Phase 3: Build Optimization & Artifact Management

Why It Matters

Efficient builds accelerate delivery, reduce CI time and cost, and enable reliable downstream jobs. Multi-stage Docker builds produce minimal runtime images, BuildKit caching slashes rebuild times, and artifact uploads decouple build and deploy stages.

What You’ll Learn

  • Multi-stage Dockerfile architecture
  • Inline BuildKit caching in GitHub Actions
  • Cross-platform images with Buildx
  • Uploading images and caches as artifacts

Prerequisites

  • Project Dockerfile supporting production build
  • Familiarity with Docker layers and caching
  • GitHub Actions runner with Docker support

1. Sample Multi-Stage Dockerfile

# Builder stage
FROM node:18-alpine AS builder
WORKDIR /app
COPY package*.json ./
RUN npm ci
COPY . .
RUN npm run build

# Runtime stage
FROM node:18-alpine AS runner
WORKDIR /app
COPY --from=builder /app/dist ./dist
COPY package*.json ./
RUN npm ci --production
EXPOSE 3000
CMD ["node","dist/index.js"]

2. GitHub Actions Workflow

name: Build & Cache
on:
  push:
    branches: [ main, develop ]

jobs:
  build:
    runs-on: ubuntu-latest
    strategy:
      matrix:
        platform: [linux/amd64,linux/arm64]
      fail-fast: false

    steps:
      - name: Checkout code
        uses: actions/checkout@v4

      - name: Set up Docker Buildx
        uses: docker/setup-buildx-action@v3

      - name: Build with inline cache
        uses: docker/build-push-action@v5
        with:
          context: .
          file: Dockerfile
          platforms: ${{ matrix.platform }}
          tags: myapp:${{ github.sha }}-${{ matrix.platform }}
          cache-from: type=gha
          cache-to: type=gha,mode=max

      - name: Save image as artifact
        run: |
          docker save myapp:${{ github.sha }}-${{ matrix.platform }} \
            | gzip > image-${{ matrix.platform }}.tar.gz
      - uses: actions/upload-artifact@v4
        with:
          name: image-${{ matrix.platform }}
          path: image-${{ matrix.platform }}.tar.gz
Tip: Use type=gha caching to eliminate manual cache upload steps and leverage GitHub’s built-in cache storage.

3. Verify the Build

  • ✅ Confirm 2 parallel jobs (amd64 & arm64) complete under “Actions.”
  • 📂 Download image-linux/amd64.tar.gz and run gunzip -c image-*.tar.gz | docker load.
  • ⚡ Re-run push to see caching speedup.

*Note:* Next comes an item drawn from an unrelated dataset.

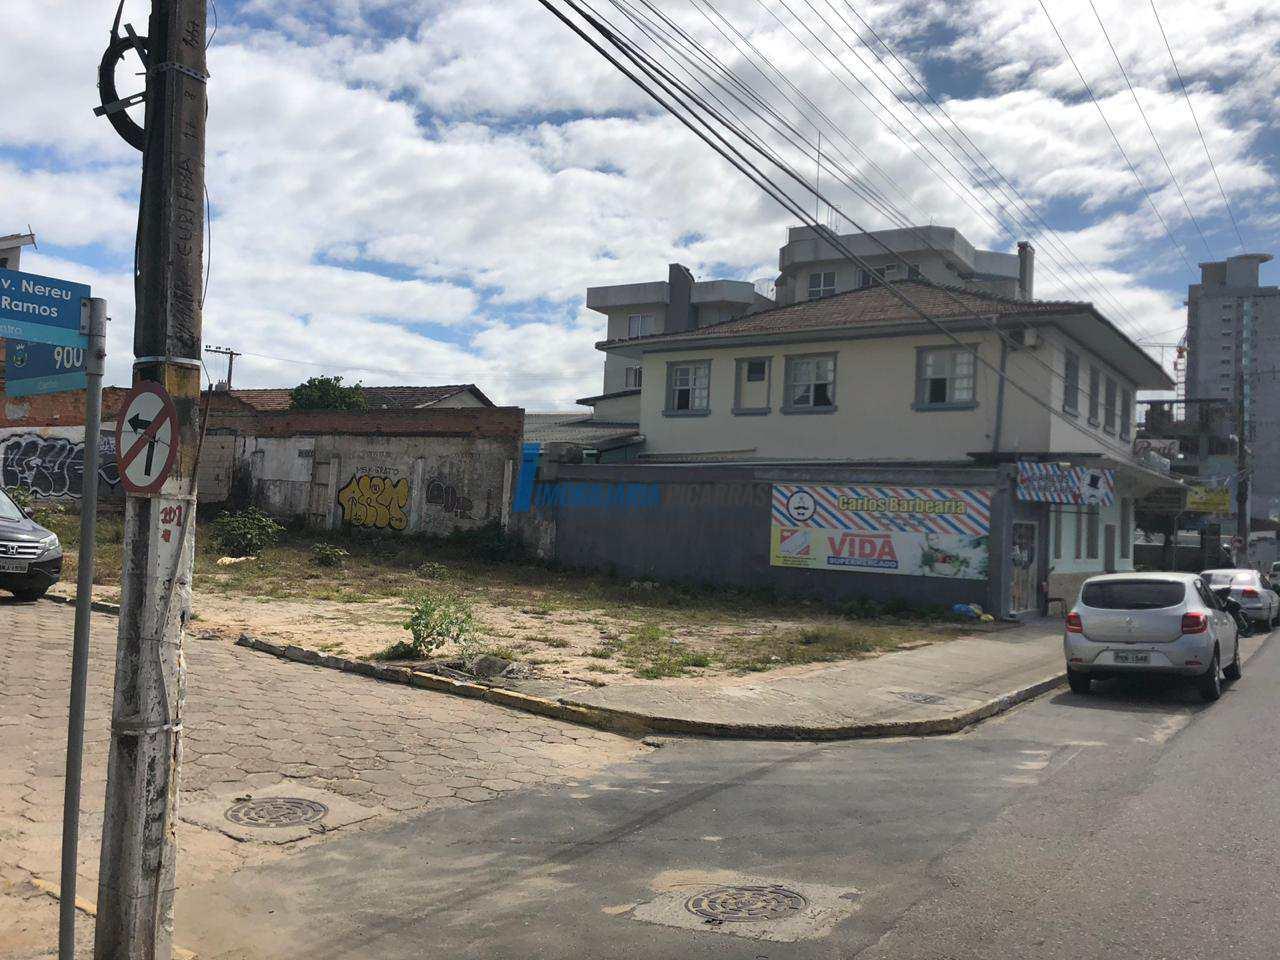 Terreno, Centro, Balneário Piçarras, 415m² - Codigo: 7

Phase 4: Deployment Automation with Blue/Green and Helm

Why Blue/Green Deployments?

Blue/green strategies reduce downtime and risk by running two identical production environments (“blue” and “green”), switching traffic to the new version only after smoke tests pass.

Prerequisites

  • Helm charts in charts/myapp
  • Kubernetes cluster context via KUBECONFIG or service account

1. Workflow Configuration

name: Helm Blue/Green Deploy
on:
  push:
    branches: [ main ]

jobs:
  deploy:
    runs-on: ubuntu-latest
    environment:
      name: production
      url: ${{ steps.url.outputs.url }}
    steps:
      - uses: actions/checkout@v4

      - name: Setup Helm & kubectl
        uses: azure/setup-helm@v3
        with:
          version: '3.12.0'
      - uses: azure/setup-kubectl@v3
        with:
          version: '1.27.0'

2. Determine Active Color

      - name: Get active color
        id: active
        run: |
          BLUE_EXISTS=$(helm status myapp-blue -n prod && echo yes || echo no)
          if [ "$BLUE_EXISTS" = yes ]; then
            echo "color=green" >> $GITHUB_OUTPUT
          else
            echo "color=blue" >> $GITHUB_OUTPUT
          fi

3. Deploy Inactive Color

      - name: Deploy ${{ steps.active.outputs.color }}
        run: |
          helm upgrade --install myapp-${{ steps.active.outputs.color }} charts/myapp \
            --namespace prod \
            --set image.tag=${{ github.sha }} \
            --wait --timeout 180s

4. Smoke Test & Swap

      - name: Smoke test
        run: |
          HOSTNAME=$(kubectl get svc myapp-${{ steps.active.outputs.color }} -n prod \
            -o jsonpath='{.status.loadBalancer.ingress.hostname}')
          STATUS=$(curl -s -o /dev/null -w "%{http_code}" http://$HOSTNAME/health)
          if [ "$STATUS" != "200" ]; then exit 1; fi

      - name: Switch service
        run: |
          kubectl patch svc myapp -n prod \
            -p '{"spec":{"selector":{"app":"myapp-'${{ steps.active.outputs.color }}'"}}}'
      - name: Cleanup old
        run: |
          OLD=$( [ "${{ steps.active.outputs.color }}" = "blue" ] && echo green || echo blue )
          helm uninstall myapp-$OLD -n prod

5. Verify Deployment

  • 🌐 Visit myapp service URL to confirm new version.
  • 🔄 Inspect Helm releases: helm list -n prod.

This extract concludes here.